Genome-Wide Screen Reveals Drivers of Ciprofloxacin Tolerance Mechanisms

Persisters are a bacterial subpopulation that exhibits tolerance to antibiotics and plays a critical role in chronic and recurrent infections. However, the general mechanisms underlying persister formation and antibiotic tolerance remain poorly understood. Dissection of the underlying mechanisms is essential for developing effective therapeutic strategies against persister-associated infections.

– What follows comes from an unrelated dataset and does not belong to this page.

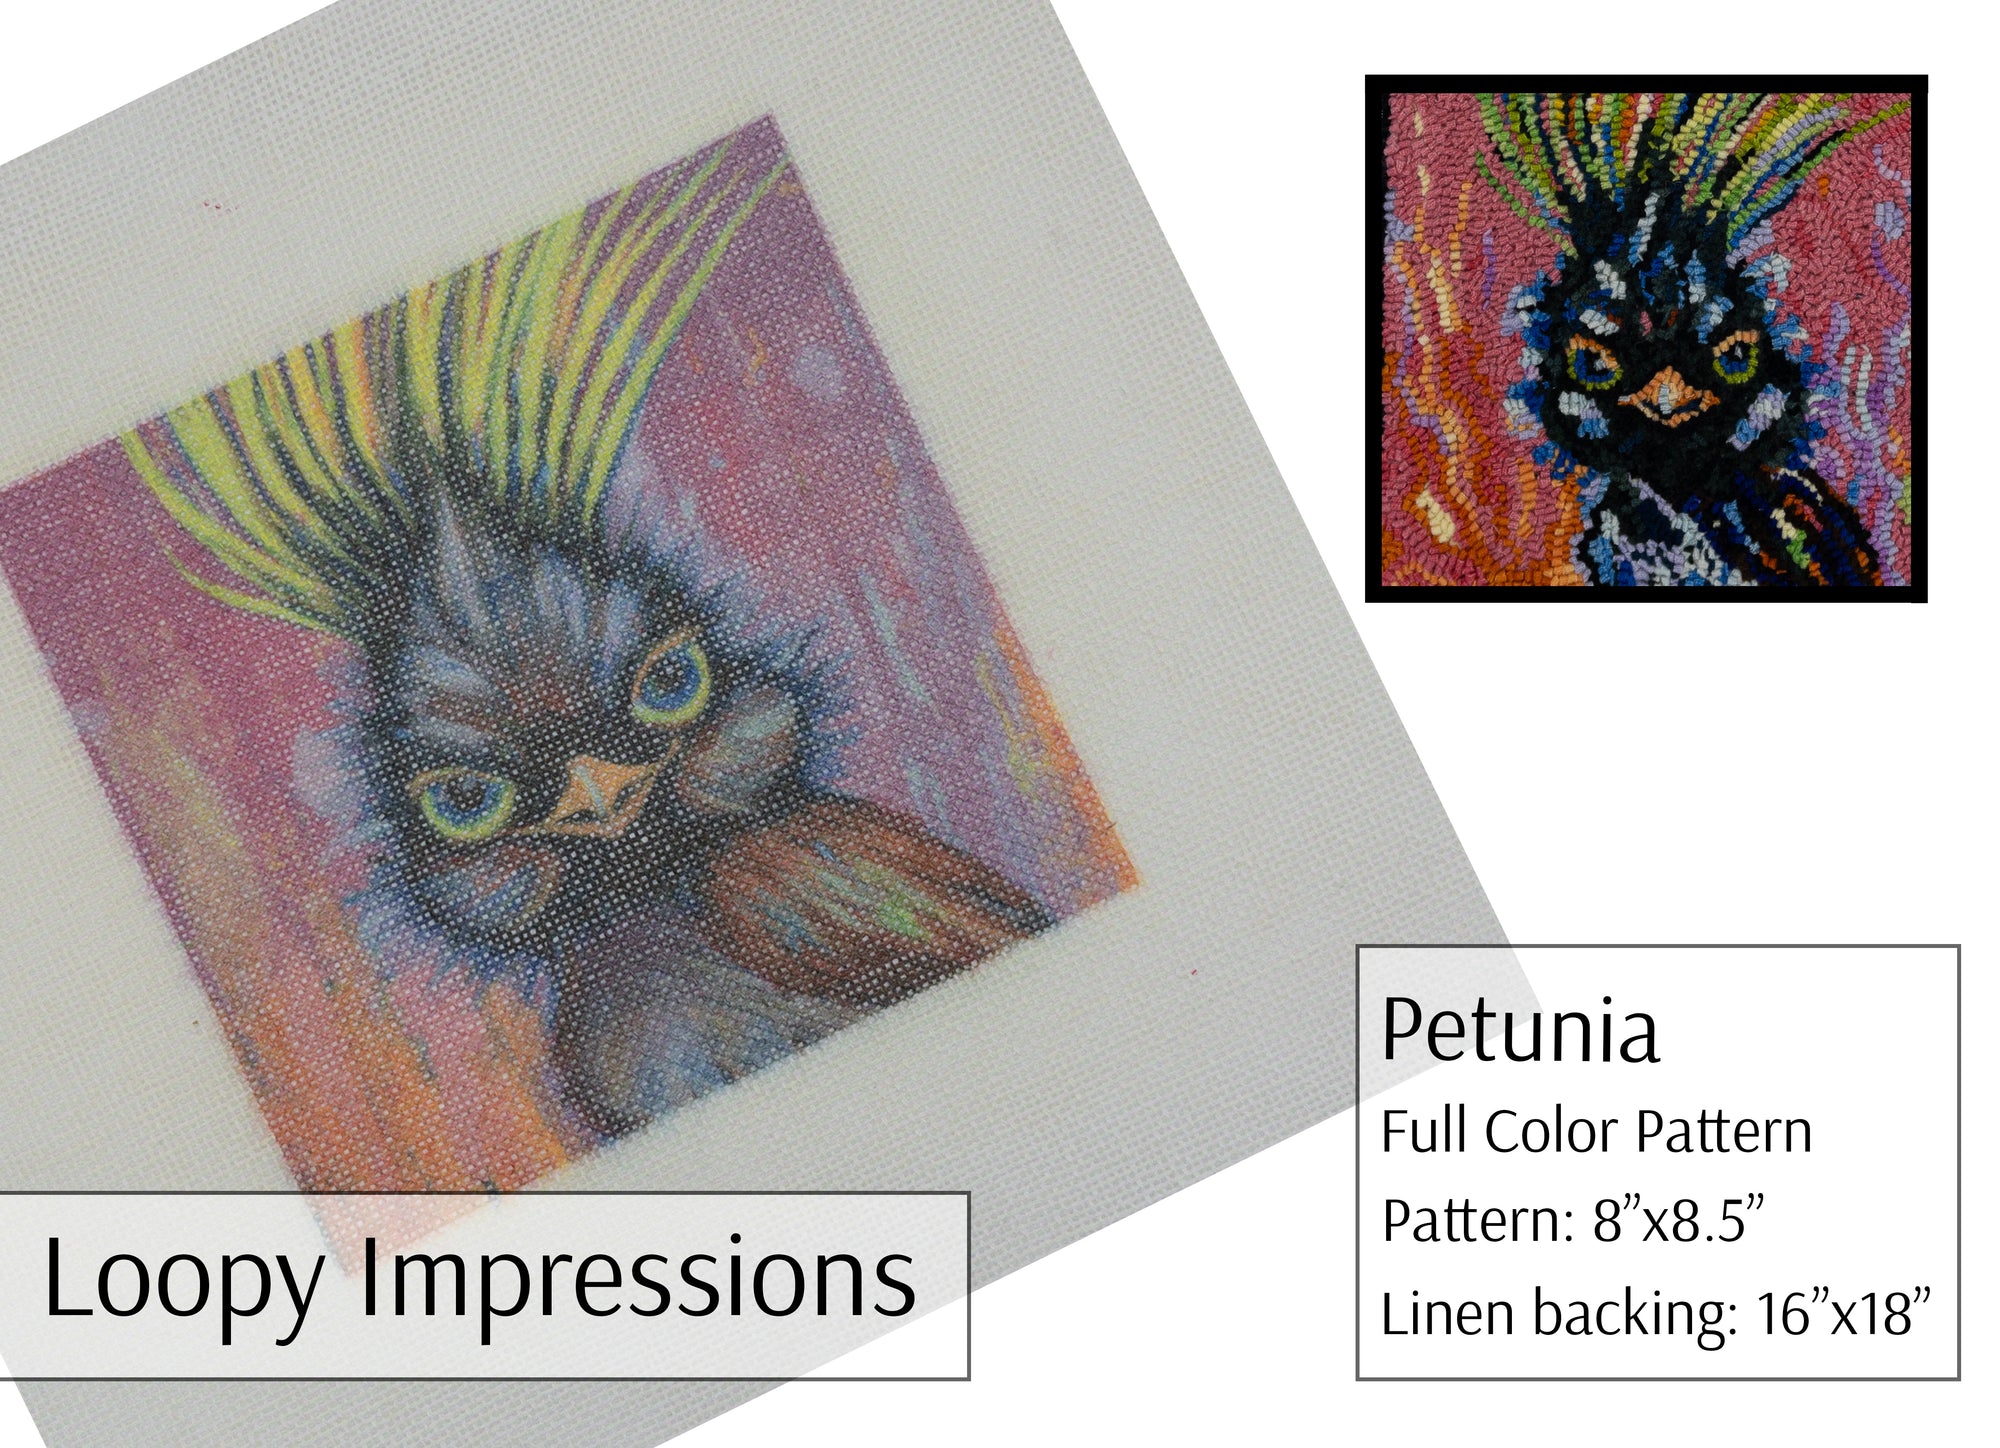 Loopy Impressions Full Color Pattern - Petunia

In this study, the authors employed a two-step genome-wide screening strategy using the Escherichia coli Keio single-gene deletion library to systematically identify genes associated with ciprofloxacin tolerance. Each mutant was cultured to late stationary phase to induce persister formation, then diluted into fresh medium and treated with antibiotics, eventually allowing the identification of 37 ciprofloxacin-sensitive mutants (primarily involved in DNA repair and energy metabolism) and 11 ciprofloxacin-tolerant mutants (mainly associated with amino acid and NAD synthesis). Among these, 25 genes were linked to persistence for the first time. Sensitive mutants (ΔruvC, Δrnr, ΔatpC, and ΔatpF) showed specific sensitivity to quinolones, while tolerant mutants (ΔmetR, ΔmetE, ΔleuB, ΔleuL, ΔnadB, and ΔnadC) also exhibited tolerance to ampicillin and gentamicin.

Further analysis revealed a negative correlation between ATP levels and ciprofloxacin tolerance across genetically distinct mutants: ATP levels were down-regulated in tolerant mutants and up-regulated in sensitive ones. This relationship held true even when ATP levels were chemically modulated using metabolites, nutrients, or respiratory inhibitors. Moreover, ciprofloxacin persistence was closely associated with reduced antibiotic uptake and lower reactive oxygen species (ROS) accumulation.

These findings highlight a universal regulatory role of ATP in ciprofloxacin tolerance across diverse genetic backgrounds, likely through modulating antibiotic uptake and ROS accumulation. This work not only provides new insights into persister biology but also suggests that nutrient-rich conditions may help eradicate persisters in clinical settings. Future strategies targeting ATP modulation could offer novel approaches for managing recurrent and chronic infections.